I read the sample of the first book in the series, [b:Geekomancy|13609386|Geekomancy (Ree Reyes, #1)|Michael R. Underwood||19206590], and didn't find it engaging enough to want to read the rest, particularly since there were so many negative reviews. However, I thought I'd give this one a chance when I saw it on Netgalley, and picked up the ARC (advance reader copy).

That means I didn't pay for this book, but got a free copy from the publisher for purposes of honest review. There's a big disclaimer in the front that says I should compare it with the published version before I quote anything, because it's not the final version.

Well, I didn't go so far as to buy the published version (which is out now), but I did download the sample, and most of the issues I'd found in that part of the book were still there. I was saddened, but not surprised, because the standard of editing at major publishing houses is dropping and I've stopped expecting much. There were still two embarrassing homonym errors ("wretch" for "retch" and "lead" for "led", the latter being repeated twice more in the rest of the book), and there was still a scene in which the characters apparently entered the same car twice. One thing was fixed: throughout the book, there are hyphenated adjectival phrases like "freaked-the-hell-out". In the ARC, the first hyphen was missing, but in the sample of the published version, it was there. There are probably a couple of dozen of these phrases, and they're an annoying enough quirk without also having errors in them, so I hope the editor got them all (and the outright misspellings).

I've been a publisher's editor, I beta read for indie authors, and my observation is this: The best predictor of a clean book is a clean manuscript. As I was reading through this one - not in its final form, remember - I marked 90 passages where there was a misspelling; a word missed, added or substituted; a long sentence that changed grammatical direction partway through; an apostrophe in the wrong place; the wrong homonym or wrong word entirely; a run-on sentence; an apparent contradiction or continuity error (like Room 719 plus two floors taking you to the eleventh floor); a momentary switch from third person into first; or a description of physical action that made no sense to me. That's omitting the missing hyphens, which, as I say, I assume were resolved. I know some of these have probably been fixed, but I'd be very surprised if it was the majority.
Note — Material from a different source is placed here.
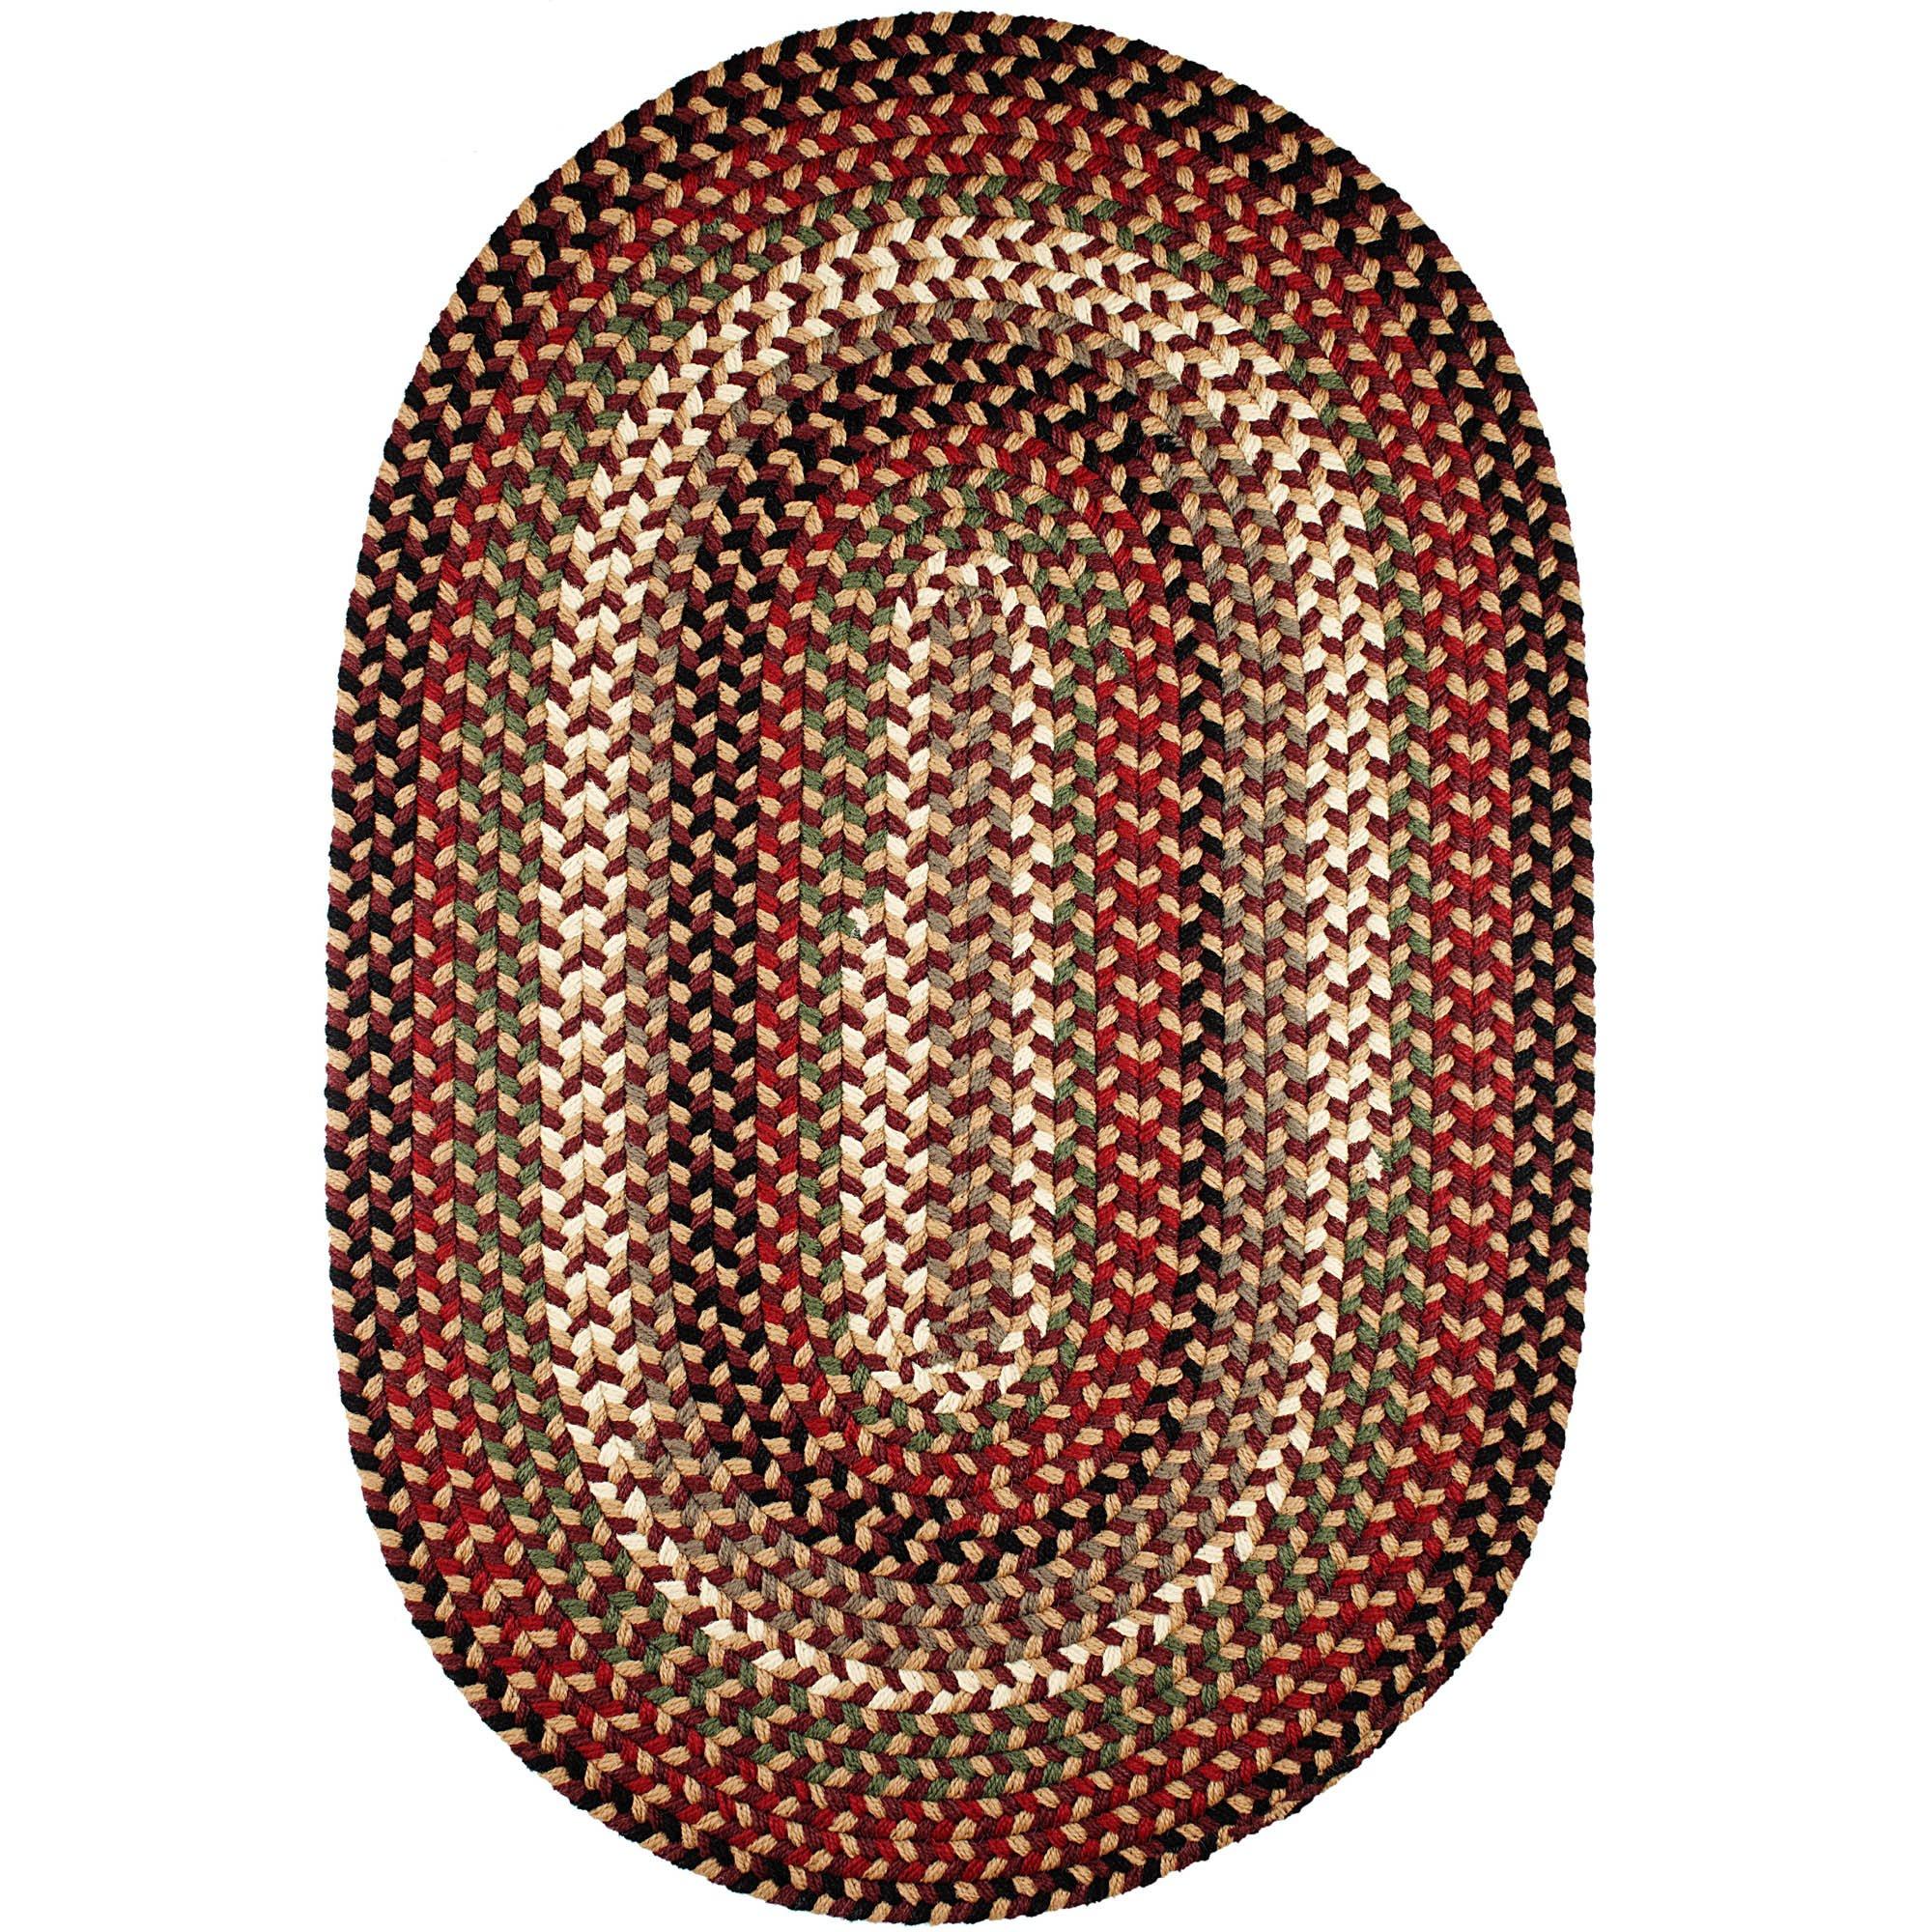 Washable Rugs On Amazon: Braided Area Rugs: Amazon.com

That last category, physical action that made no sense, surprised me. Judging from the text, the author has played at least some tabletop roleplaying games, possibly a lot, and I would expect that description of physical action would be consistent, well-thought-through and well-conveyed. It frequently isn't. The main character appears to have an unmentioned third arm to use for moments when she's carrying two milkshakes and walking with a cane, or holding onto someone's waist with her legs, holding a lightsaber, clinging to a cart (presumably, unless she's levitating, and that's not mentioned) and also pressing a panic button. I'm not sure whether these scenes are poorly thought through or just poorly conveyed (or both), but in either case, it's a big weakness, especially in an action-oriented, cinematic story.

The lack of attention to detail I found continually annoying, especially since the author uses a quirky, unusual style that draws attention to itself (and therefore makes errors all the more noticeable). For example, every time a character is introduced, they get a set of stats in what looks like some version of D&D or a similar game. These stats apparently mean nothing and are used for nothing; a man for whom "Gentleman" is his lowest stat is described a page later as "above all things...a gentleman". This makes it simply an irritating quirk, and in writing, unlike gaming, an irritating quirk doesn't give you more points to put into something else. It's just irritating.

So those are all the reasons I wanted to give this two stars. Why did I also want to give it four stars, and compromise on three? Well, the story itself was well done. The issue that the main character was setting out to solve was introduced early, it had personal significance for her but wasn't just a personal issue, she had some satisfactory try-fail cycles as she attempted (proactively) to resolve it, she struggled and sacrificed and experienced the costs of heroism, the secondary characters had some depth to them (mostly to do with people they cared about, always a good one), the premise was fun and offered good fictional possibilities which the author played with entertainingly.

It deserved to be good. It should have been good. If the author, or his beta readers, or his editors (and he credits several of each) had worked harder on the details and ditched some of the more irritating quirks, it would have been good, and I would be recommending it far and wide. As it is, I was disappointed.